She smiles and so does dad as I nod trying to just move on, "well as you know this is Ella, she's recently turned 15, she's really short, and she likes the colour red," dad says in a very positive and happy voice as he tries to make me feel better about him leaving me soon.

"Red? That's my favourite colour too," Becca smiles as her eyes dart from my hidden face and nervously shivering body to dads comfortable smile as he watches me closely, "...I'm going to let you two do your thing now okay?" Dad says in my ear softly and immediately my heart pains and my eyes well up with tears, "mm-mm" I say shaking my head 'no' as my left wand holds his.

"Mm-mm" I hum repeatedly shaking my head like a fucking child as dad frowns and his eyes gloss over as he looks at me and my hand holding his as tight as I can- which isn't very tight.

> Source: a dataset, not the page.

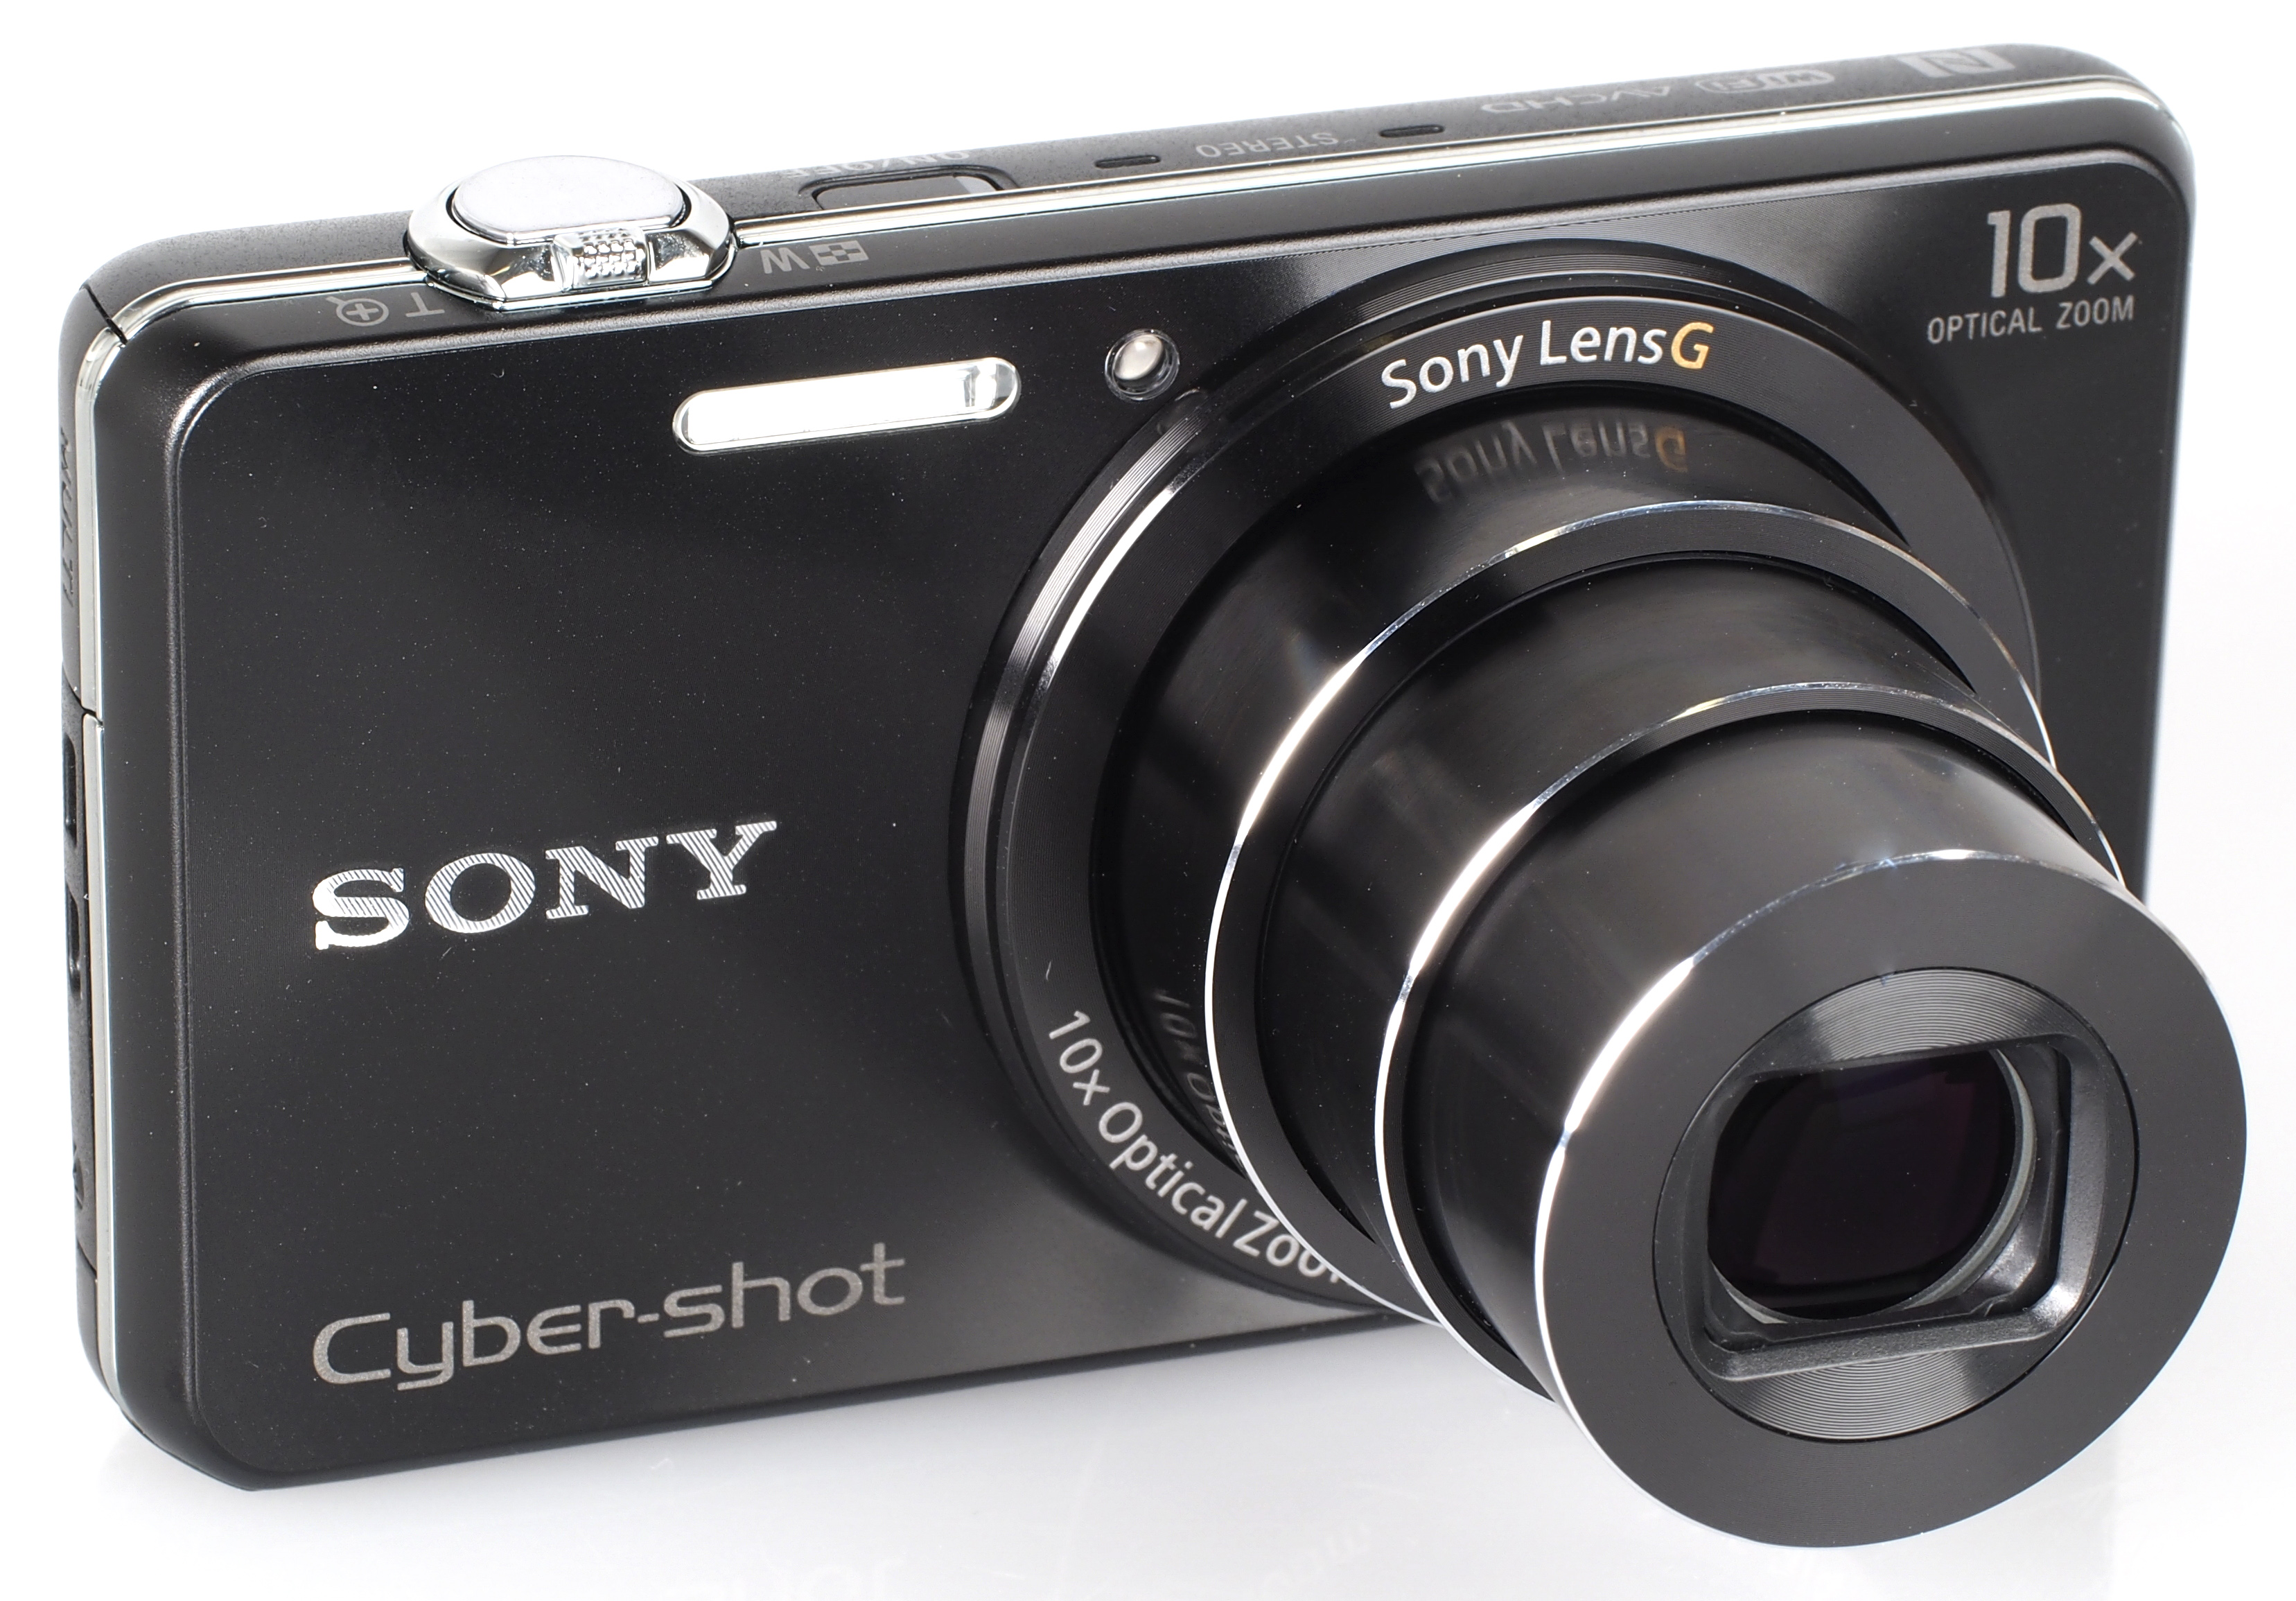 Máy ảnh giá rẻ Sony Dscw x220 có khả năng zoom cao

"It's okay, you have my phone just call Alex or my dad if you need me or anything, and Beccas here, she's really nice," dad says now crouching beside me holding my hand in his as small tears slip down my cheek.

"It's only a couple minutes, before you know it your dads gonna be right back with you," becca says in an attempt to reassure me as dad sends me a small smile.

After about 10 minutes of back and forth dad eventually leaves me with becca with tears in his eyes, we sit in silence for a couple seconds, her watching me while I watch my shaking clasped hands as I try even my breathing.

"Let's play a game," becca says standing and walking to a sleek white desk in the corner of the room, reaching into the drawer she pulls out some big cards and sits back down now next to me. Not close but just on the edge of the sofa I'm on.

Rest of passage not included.